In recent years there has been research establishing that large muscle groups experience hypertrophy in a nonuniform manner. In other words, the entire muscle does not grow equally as a result of strength training. Schoenfeld et al, in a 2015 study in the Journal of Strength and Conditioning Research, performed a study comparing the lying leg curl and the stiff legged deadlift’s muscle activation of the hamstrings based upon EMG data. The authors used resistance trained males and had them perform their 8RM of both the lying leg curl and the stiff legged deadlift in order to assess EMG activity of the hamstrings.

 

In this study, the authors found that the lying leg curl and the stiff legged deadlift resulted in different EMG activation of the hamstrings:

  • The lying leg curl seems to target the lower part of the hamstrings.
  • The stiff legged deadlift seems to target the upper hamstrings (especially the upper semimembranosus and semitendinosus) more than the lower hamstrings.
  • The lying leg curl and the stiff legged deadlift resulted in similar recruitment of the upper hamstrings.

 

The authors postulate that this might allow for preferential recruitment of the distal or proximal portions of the hamstring muscle during different exercises.

 

Now, there are several interesting implications from a study like this and the idea of nonuniform hypertrophy.

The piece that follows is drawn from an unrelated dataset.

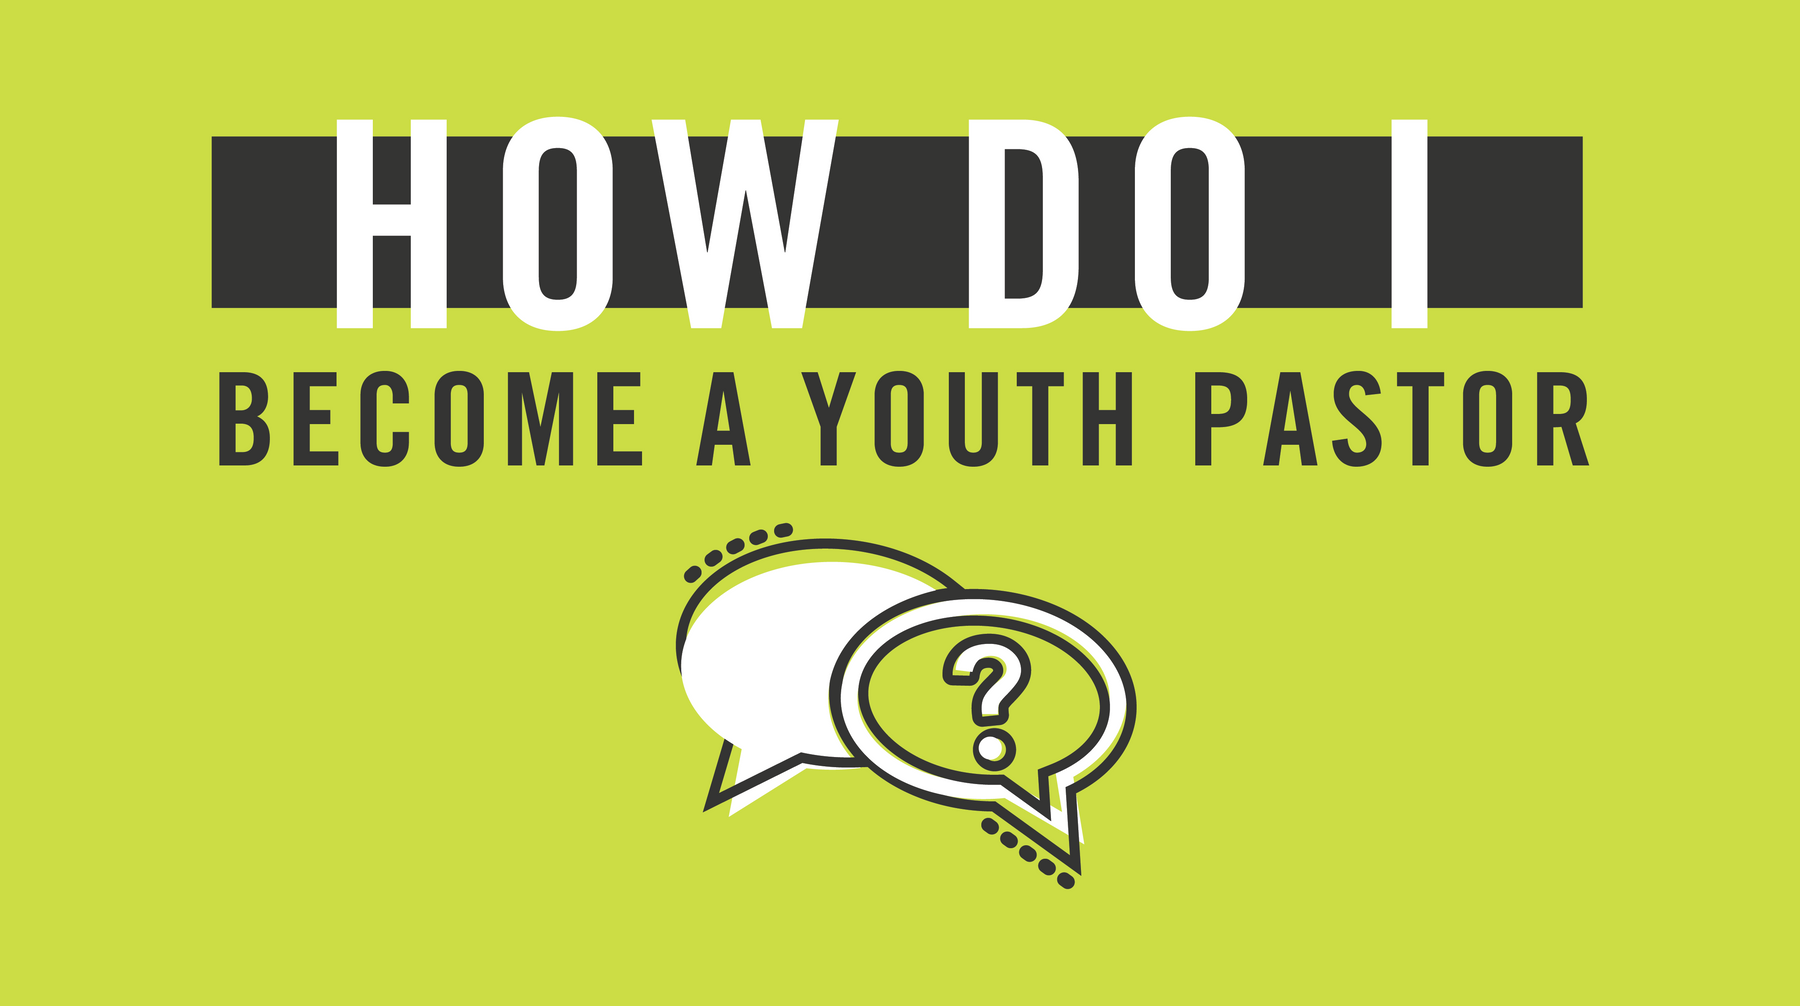 How Do I Become a Youth Pastor?

First, the bodybuilders got it right in the sense that if we want to develop the muscle fully then we need to attack using several different exercises from different angles. Second, it’s unclear if this is going to be important in athletic contexts. In other words, it’s unclear if uniform development of the muscles is important for athletic performance and injury prevention. Third, it would be interesting to see this expanded to the range of the hip extension and squat variations that are used in the conditioning of athletes. Finally, if it happens to the hamstrings – it probably happens at other large muscles as well.

 

I think that in the short term, the take home messages are that a) there are no “best” exercises and b) variety is important. For example, let’s say we have a program that has the following focus:

Monday: Total body strength training (squats, RDLs, bench press, bent-over rows, military press)

Tuesday: Power (Olympic lifts, plyos)

Wednesday: off

Thursday: Total body strength training (front squats, deadlifts, incline press, pull-ups, dumbbell shoulder press)

Friday: Power (Olympic lifts, plyos)

 

Over the long run, every few weeks, the RDLs and deadlifts should be changed out for other exercises. Perhaps in weeks 5-8 we use the good morning and the hyperextension, in weeks 9-12 we use the seated good morning and the reverse hyperextension, maybe we go back to RDLs and deadlifts in weeks 13-16, etc.

 

Schoenfeld, B.J., Contreras, B., Tiryaki-Sonmez, G., Wilson, J.M., Kolber, M.J., and Peterson, M.D. (2015). Regional differences in muscle activation during hamstrings exercise. Journal of Strength and Conditioning Research, 29(1), 159-164.